Disruption in interhemispheric cortical connectivity is demonstrated in Fig. 9. Left-to-right hemispheric cortical connectivities are listed for both healthy and deafferented rats. The interhemispheric correlation coefficients between S1FL, M1/M2, and S2 are displayed. These cortical regions are directly connected from the left-to-right sides through the corpus callosum, as shown in Fig. 6. Statistical significance for correlation coefficients was tested by using an unpaired t-test with a 95% confidence interval. The interhemispheric connectivity is markedly diminished in deafferented rats compared to healthy controls. All correlation coefficients between healthy and experimental rats shown in Fig. 6 were statistically significant when matched pairs were evaluated. Figure 9 demonstrates that the interhemispheric resting-state connectivity is severely disrupted by limb deafferentation within a two-week time frame.

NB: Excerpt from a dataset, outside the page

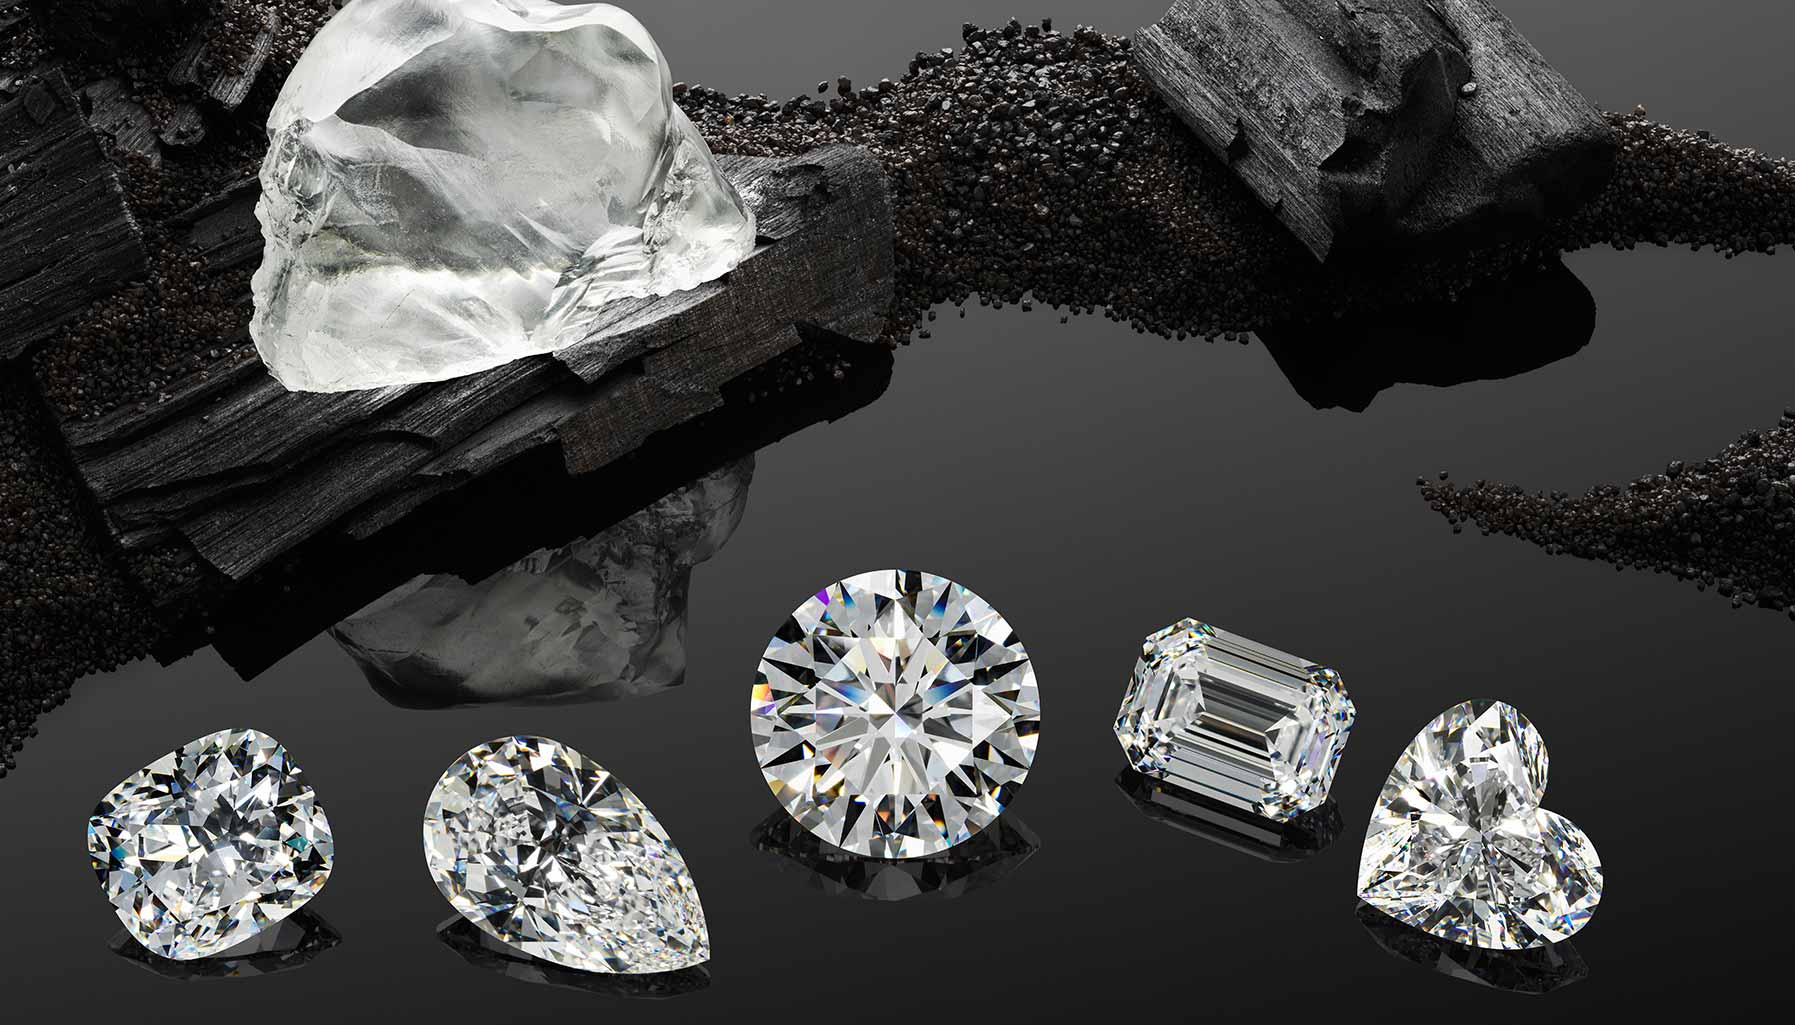 Сет алмаза. Королева Калахари Алмаз. Дорогие ювелирные украшения. Ювелирные изделия с природными алмазами.

RPCC matrices for the visual system are presented in Figs. 8A,B. The matrix from healthy rats (Fig. 8A) is visually similar to the matrix from rats that received right-forepaw denervation (Fig. 8B). The hippocampus region (HIP) was used as a control because it was believed that this region would be weakly coupled to the visual system. Data from our previous paper on resting-state connectivity in rats (Pawela et al. 2008) were used to generate data for the control animals (Fig. 8A). Again, differences are highlighted in Fig. 8C. Table 1 lists intrahemispheric connectivities from the visual system based on the connections from Fig. 6B. Connections between visual system areas that carry multisensory information demonstrate statistically significant intrahemispheric differences (highlighted in gray) when tested with an unpaired t-test with a 95% confidence interval. These include left-side LP to TeA, right-side LP to V2, and right-side SC to LP.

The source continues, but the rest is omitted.